Wow, did I have a weird dream about Jeff’s mom this morning. I know it was inspired by a phone call from her yesterday, but it disturbed me. When she called yesterday, she was clearly not doing well. She has multiple sclerosis and in the past ten years or so it has really had its way with her cognitive functions. Jeff said she could barely finish a sentence, often didn’t, and I know when I listened to her voicemail she sounded very confused.

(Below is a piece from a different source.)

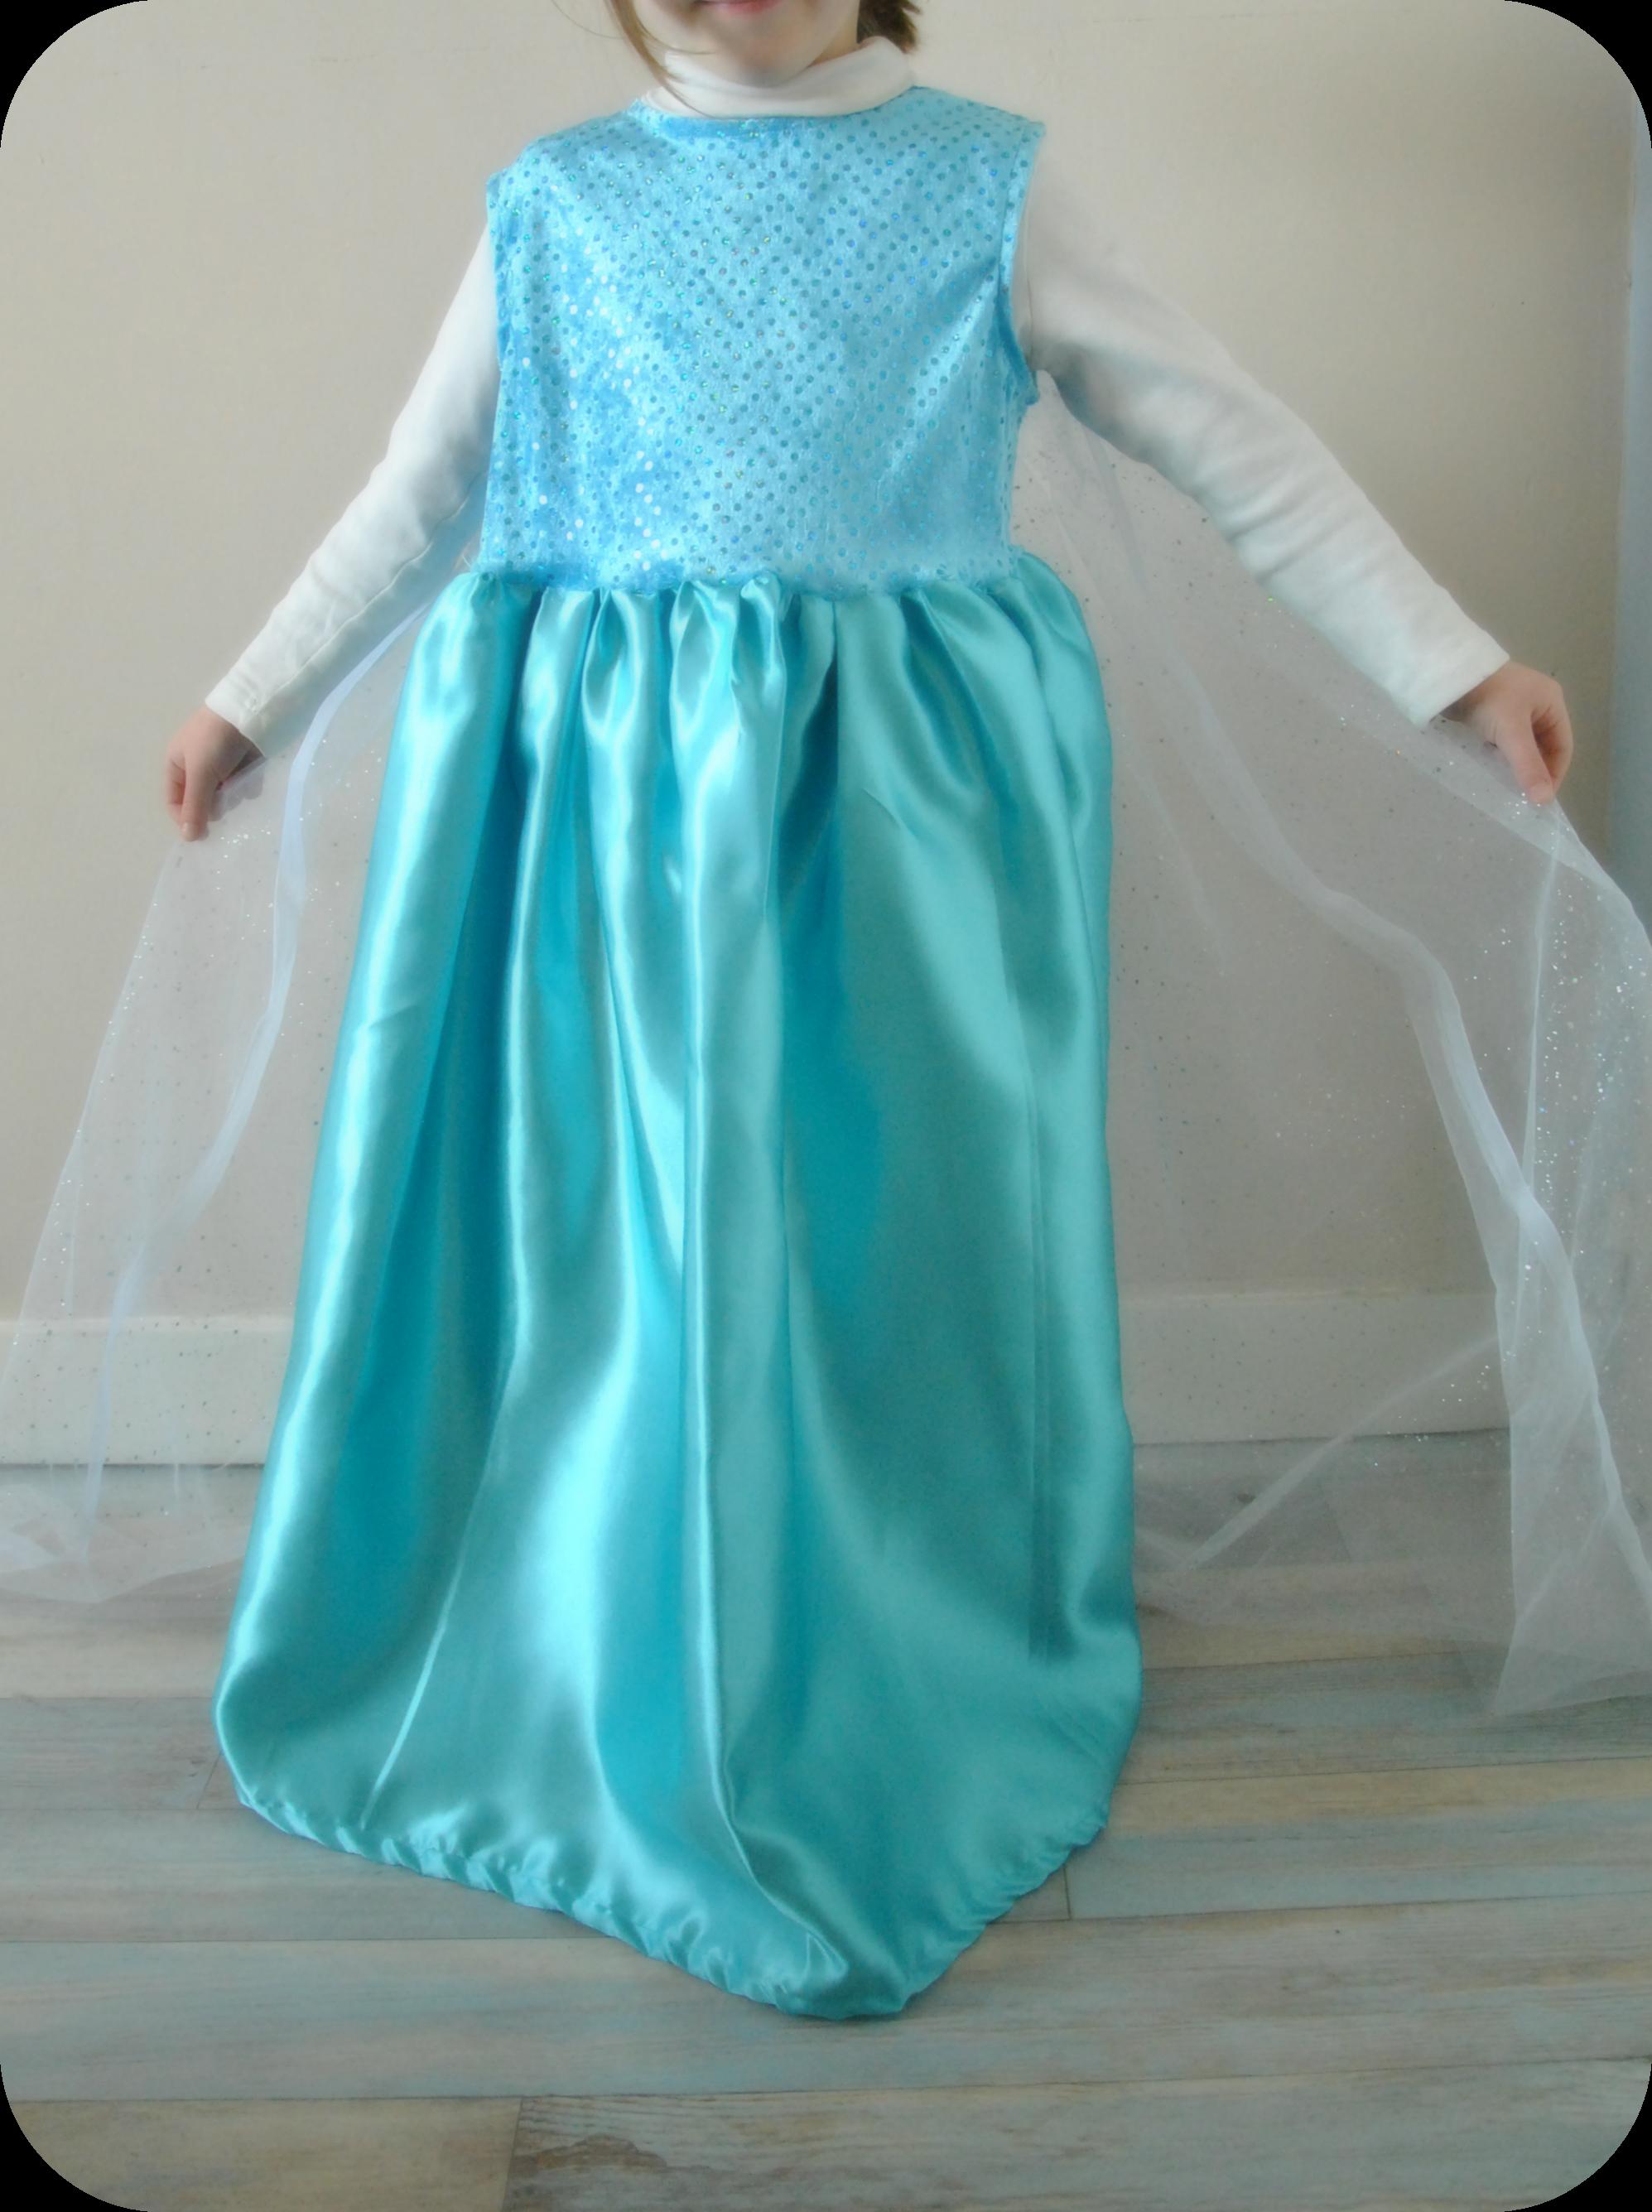 Couture enfant mademoiselle lu - Robe reine de neige ...
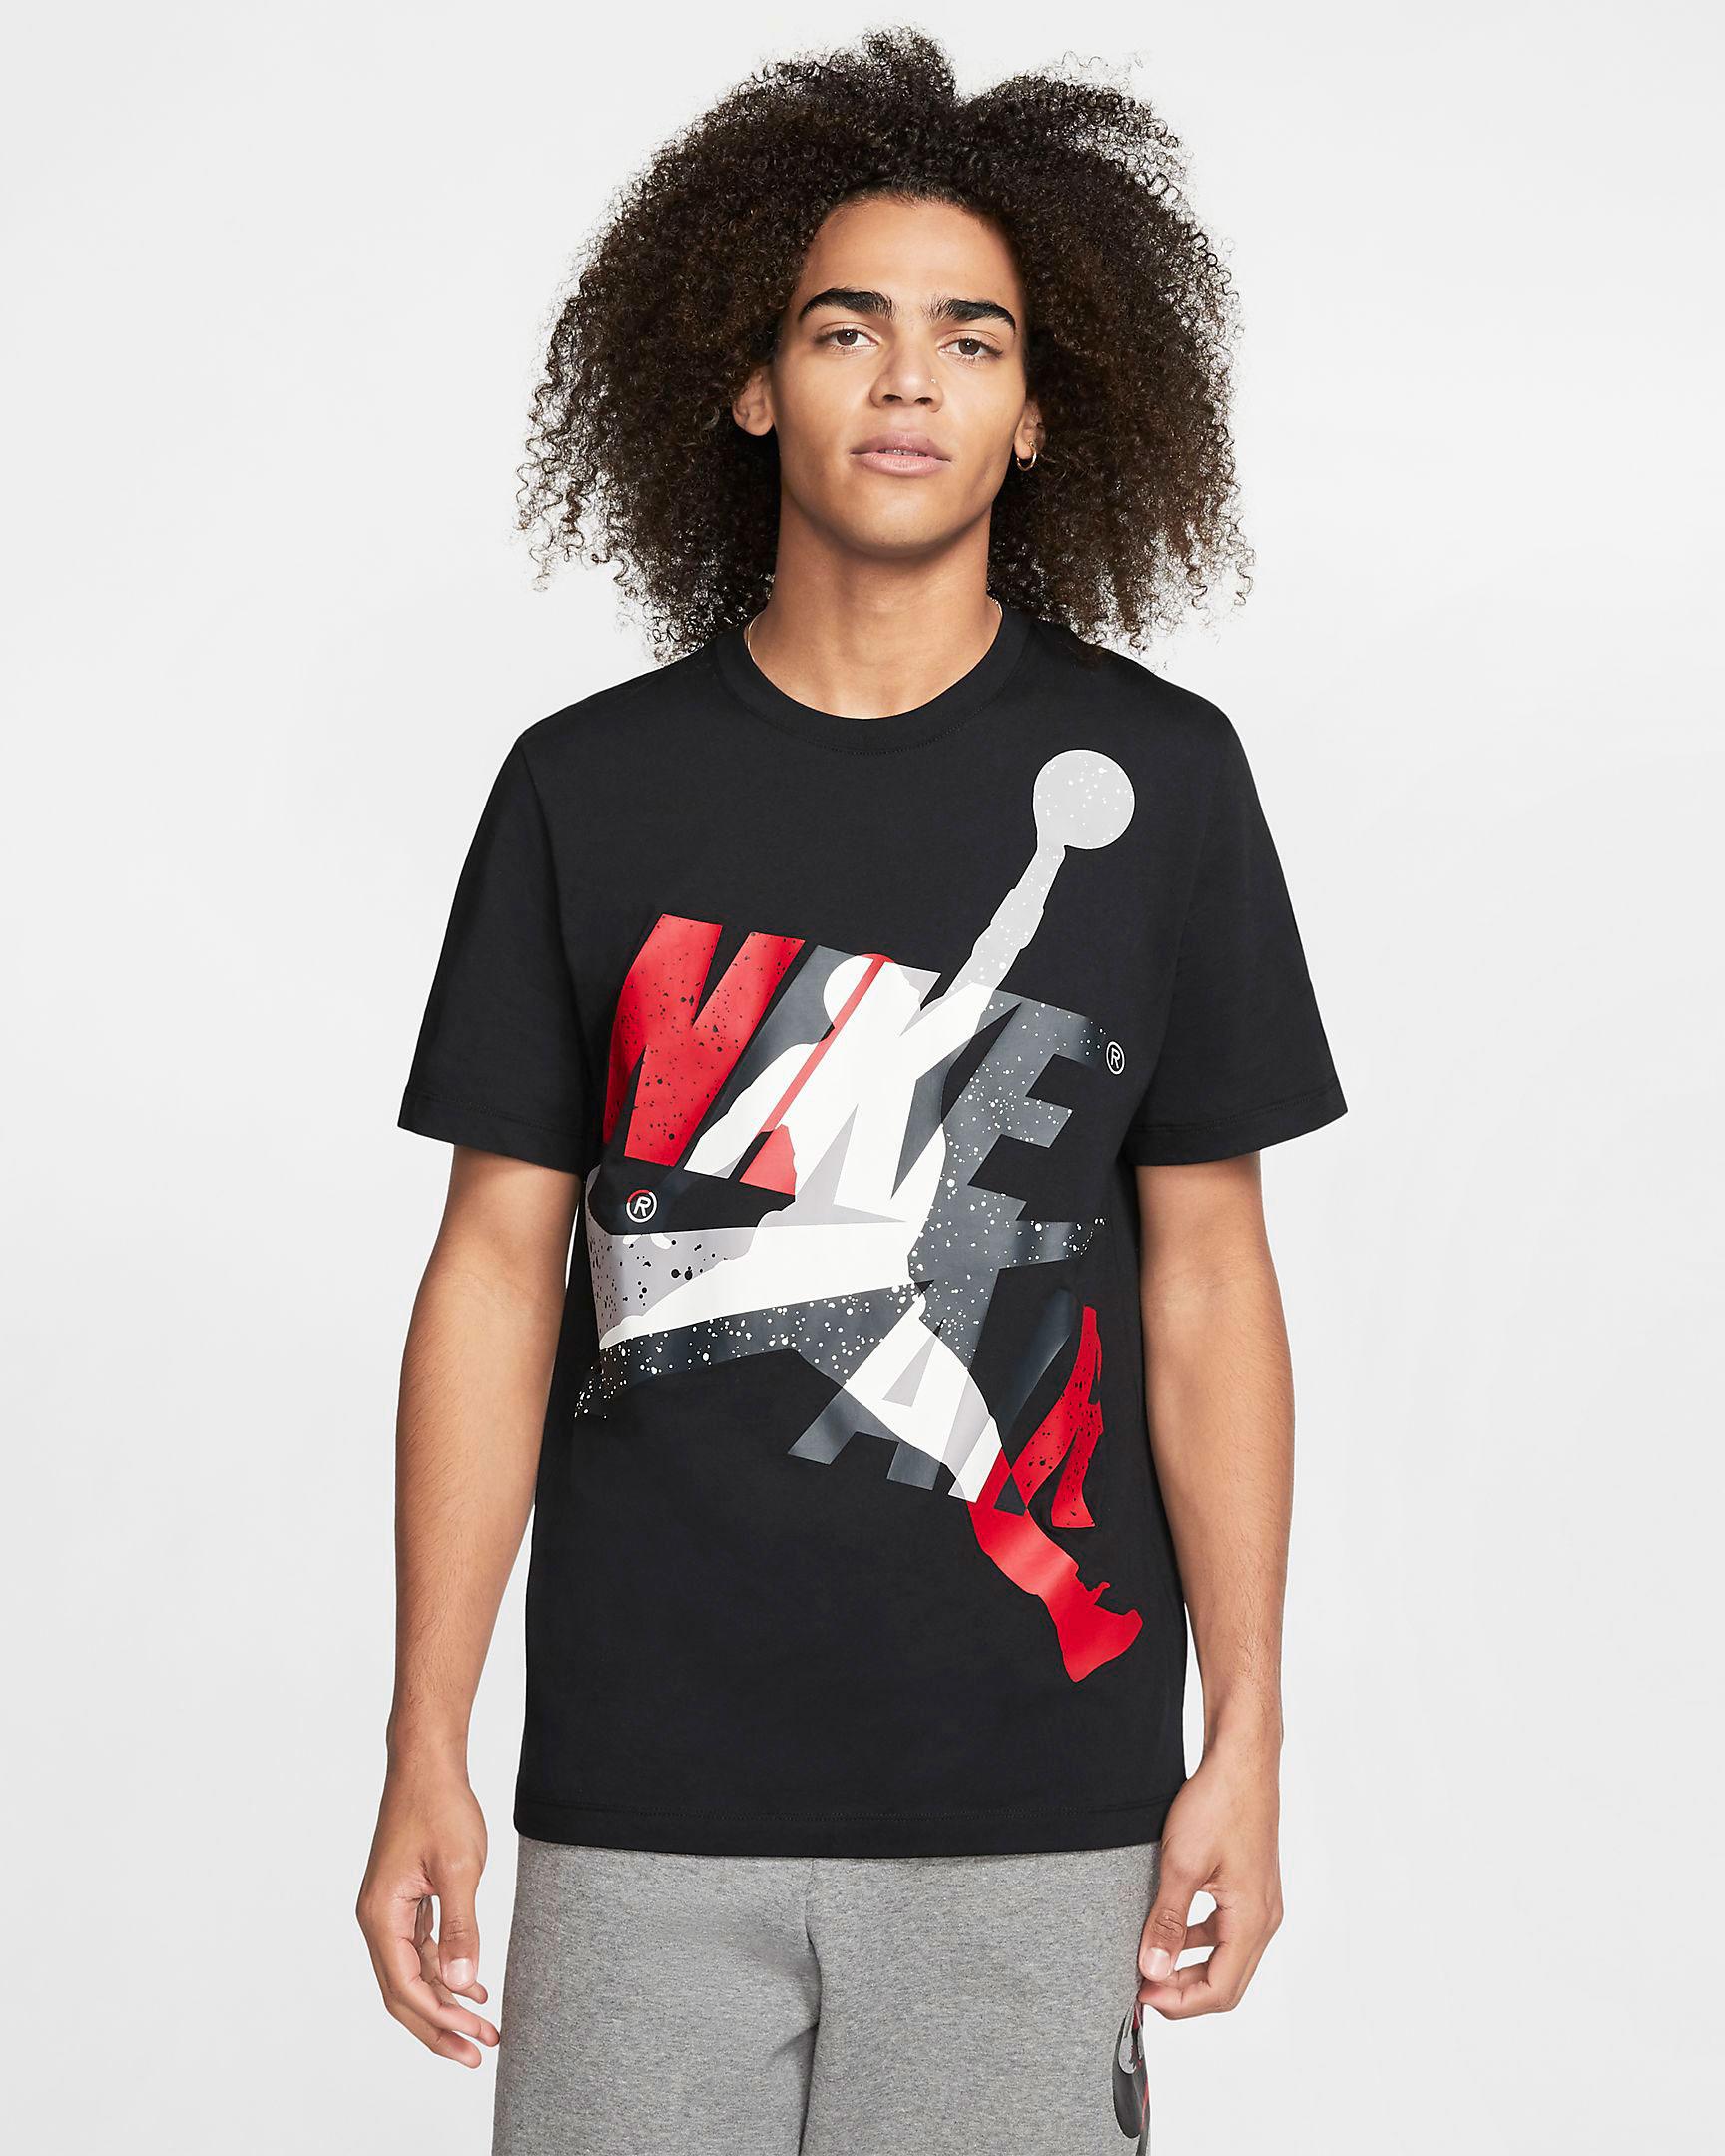 jordan-11-low-ie-black-cement-shirt-match-2

In my dream she suffered a delusional breakdown and Jeff and I had to go attend to her. When Jeff called her on the phone, she whispered to him, calling him some “code name” and was extremely paranoid that the people in her assisted living facility were out to get her. What’s more, she believed that her dad, who died in 1996, was actually alive and hiding from her in Germany, so she was going to go there and find him. Jeff had to give her some kind of injection to put her to sleep so the staff could care for her. The assisted living facility bore a strange resemblance to the resort we recently visited in Jamaica.
This may be the first time I’ve ever dreamed about Jeff’s mom.
In other news, it appears I spoke too soon about the horrid illness leaving the house. In addition to a crappy bout of insomnia which left me up till well after 3AM this morning, when I did wake up at 8, I had a horrible sore throat and my right ear was again both aching and deaf. I’ve taken tylenol and a decongestant in hopes of fending it off. I am avoiding the doctor. I should probably really consider why.